After what felt like forever, Ro came home. I smiled when I saw her. She was smiling, too, smiling up at this new guy—Jamie, she called him. They walked up to the fence together and stopped.

“I had such a great time tonight,” Jamie said. Again with the holding hands.

“Me too,” she said.

“I like you, Ro,” he said. “I know we haven’t been seeing each other that long, and I probably should play it cool and see where it goes, but . . . I can’t be cool. I l—I like you so much it’s hard to think around you.”

Of course Jamie would have to be crazy or stupid or both not to like Ro.

It started to snow again. First it came down lightly, and then more heavily, in big, wet flakes, almost sleeting. Ro didn’t even seem to mind. She just looked up and held her hands out, and then looked over at Jamie and laughed.

“Nice weather we’re having,” he observed. “So very romantic.”

Ro took his hand. “I like you, too,” she said. She’d hesitated before she’d said it back to him, but she still said it. She obviously meant it. “I more than like you. Will you . . . will you come inside for a minute?”

“Uh . . . sure,” he said.

“I want you to meet my aunt,” she explained. “I mean, she’s important to me. She’s my family here. And I would really like you to meet her.”

“I’d love to meet your aunt. My parents live in Jersey, but I’d really like to take you to meet them, too. If that’s okay.”

She kissed him. She put her arms around his neck and lifted her face up to his, and in the middle of the kiss, she smiled, like she was just so happy to be with him. He smiled back, and reached to cup her face, his palm against her cheek, and he kissed her again. The snow drifted down around them, but they kept kissing. Again and again.

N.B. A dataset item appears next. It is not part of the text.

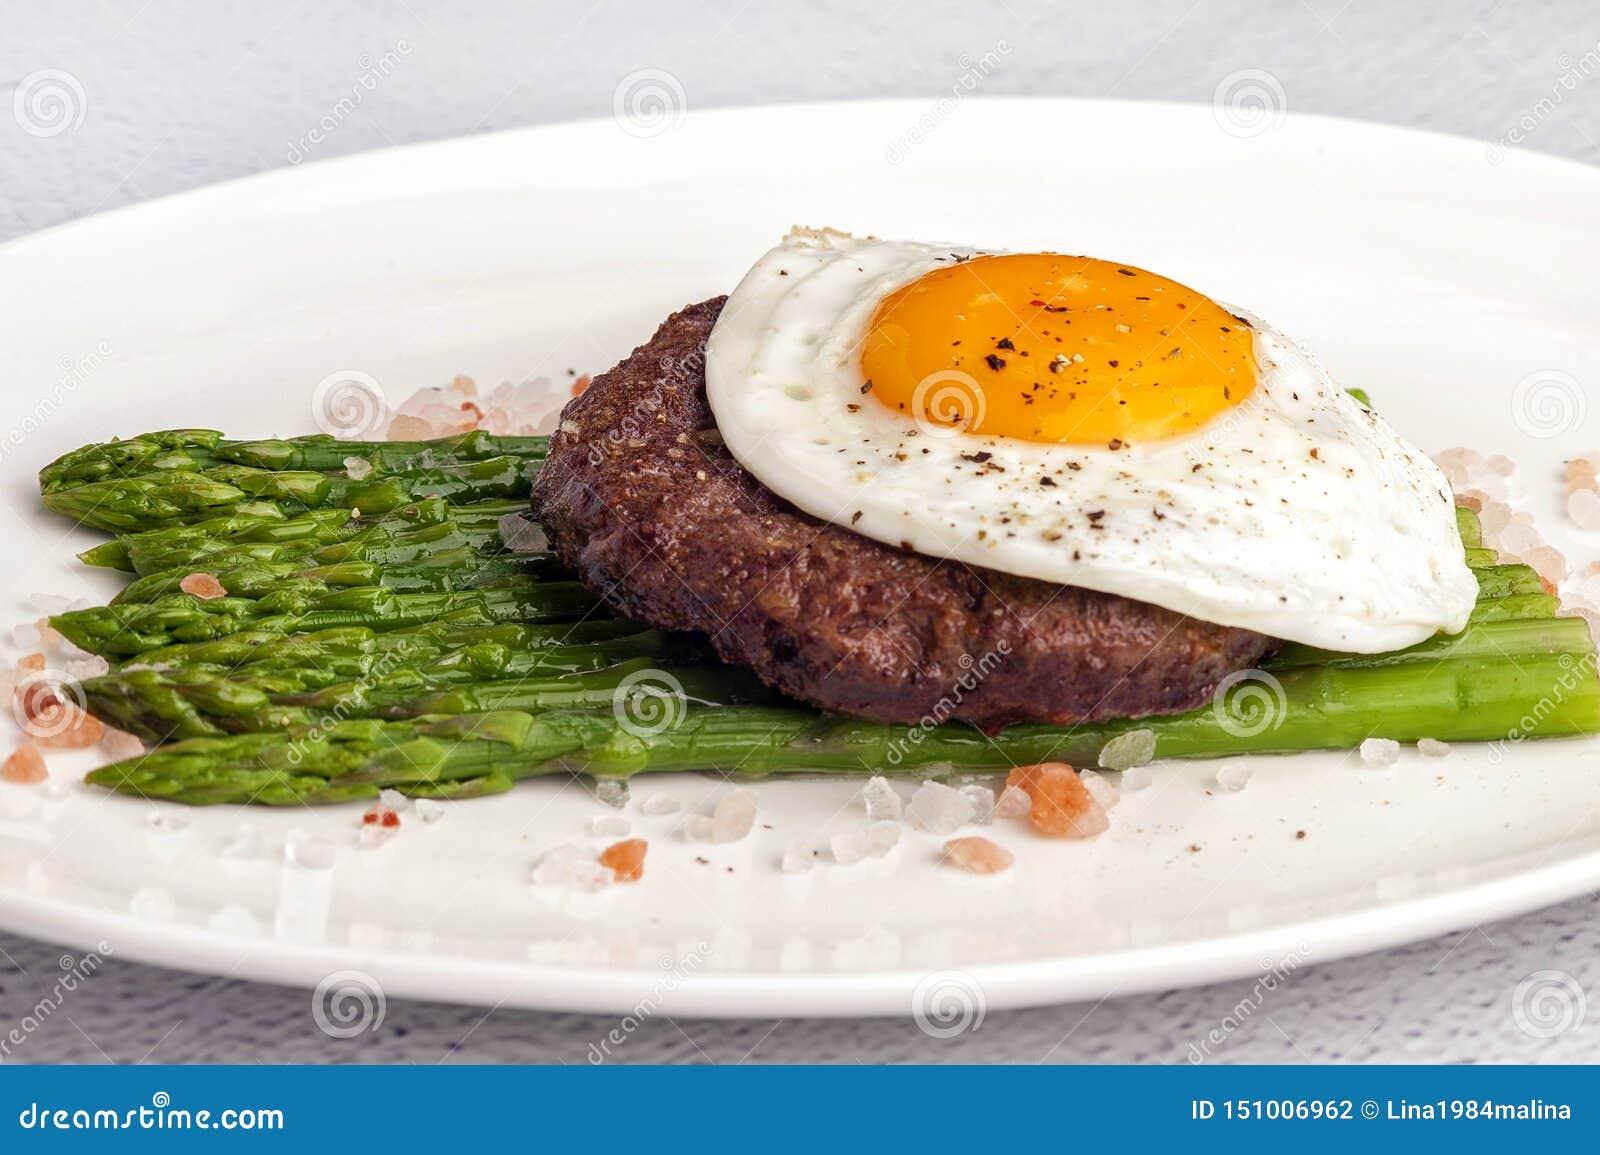 Μπριζόλα από το κομματιασμένο βόειο κρέας με τα τηγανισμένα αυγά και το φρέσκο πράσινο σπαράγγι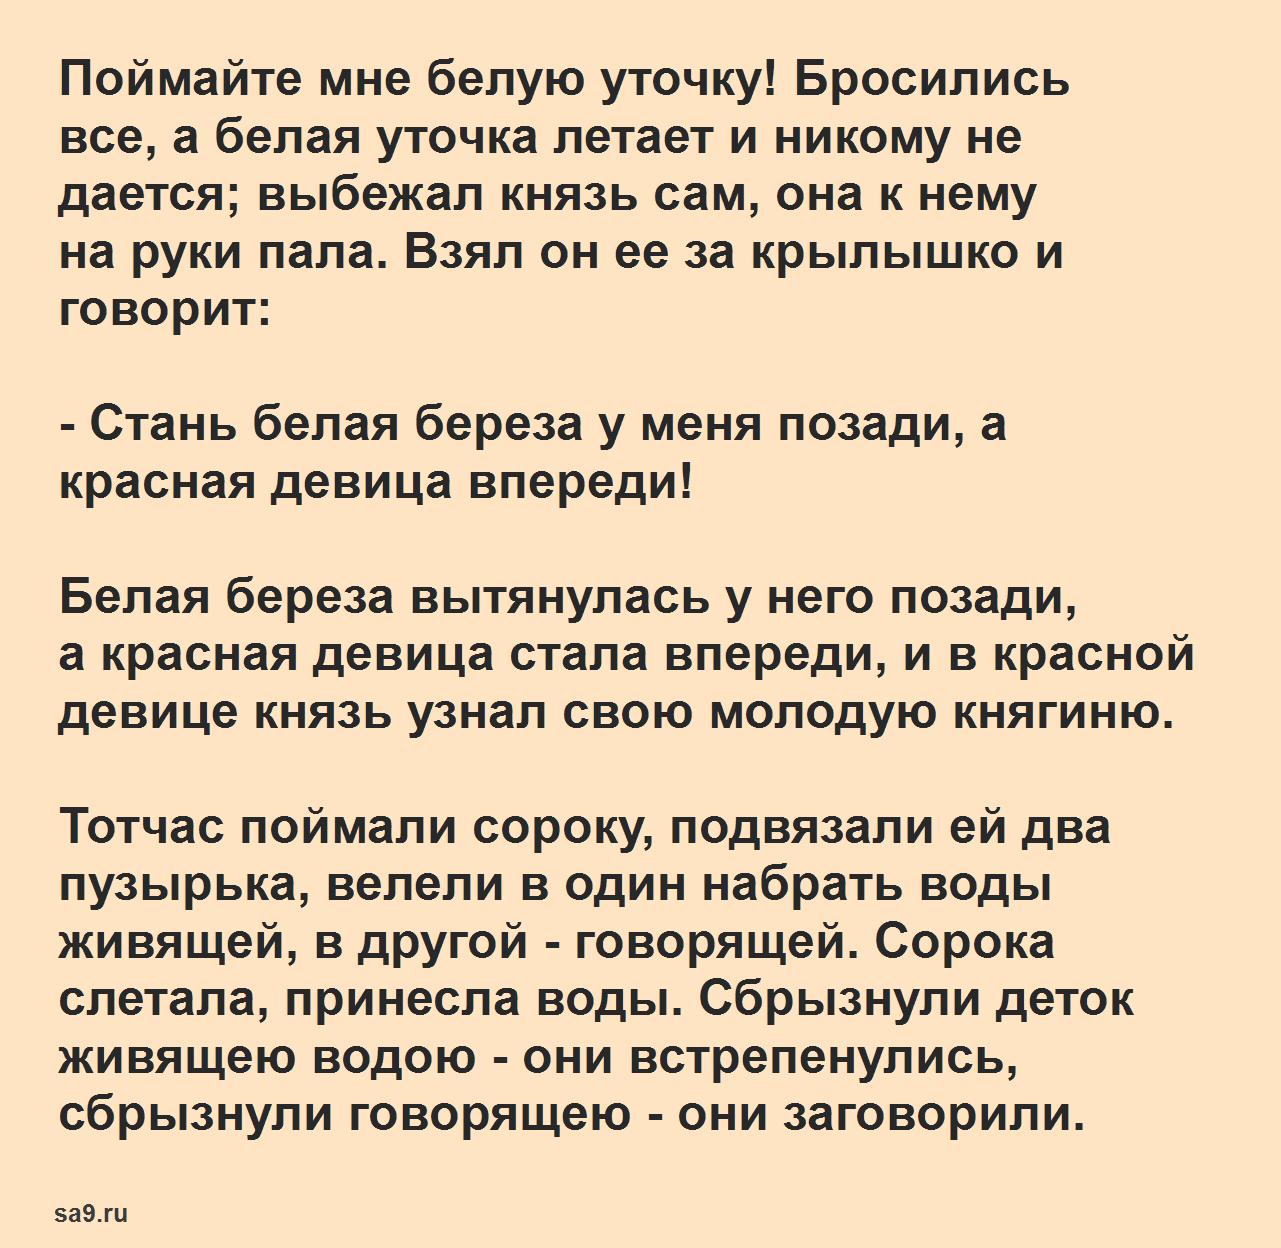 Русская народная сказка - Белая уточка, читать онлайн бесплатно

At some point during all of this I started crying. The tears and melted snow mixed together on my face. Ro loved this guy, was what I knew she was really saying. I just stood there cold and shivering, watching them be so happy. And I was not happy for her. I knew it was stupid. I had Ethan. If I wanted to I could kiss him in the snow, and it would look the same. Probably better.

But it had suddenly occurred to me what Ro would really say if I could tell her about Ethan. She’d say, “But he doesn’t even really know who you are, does he? How can you build on that?”

And I’d say, “Maybe if I just wait until after Christmas. Maybe then, when the company’s not watching him, when it won’t get in the way of things, I can tell him the truth.”

“And then what?” the Ro in my head asked me. “You’ll tell him that you’re actually dead, but you like him so much that you couldn’t help yourself? You’ll tell him, and he won’t care? And he’ll take that year off before college, but then he’ll go to college, and he’ll grow up, and you’ll just be here, resetting every day, sneaking out to be with him?”

I didn’t have the answers.

I had to get away from Ro. I couldn’t stand to watch her another minute.

I took a deep, shaky breath. “Bye, Ro,” I whispered. I knew she couldn’t hear me, but the words weren’t for her, anyway. I wiped my face on the sleeve of my Hoodie and turned away, walking off through the snow toward where I could catch the subway home.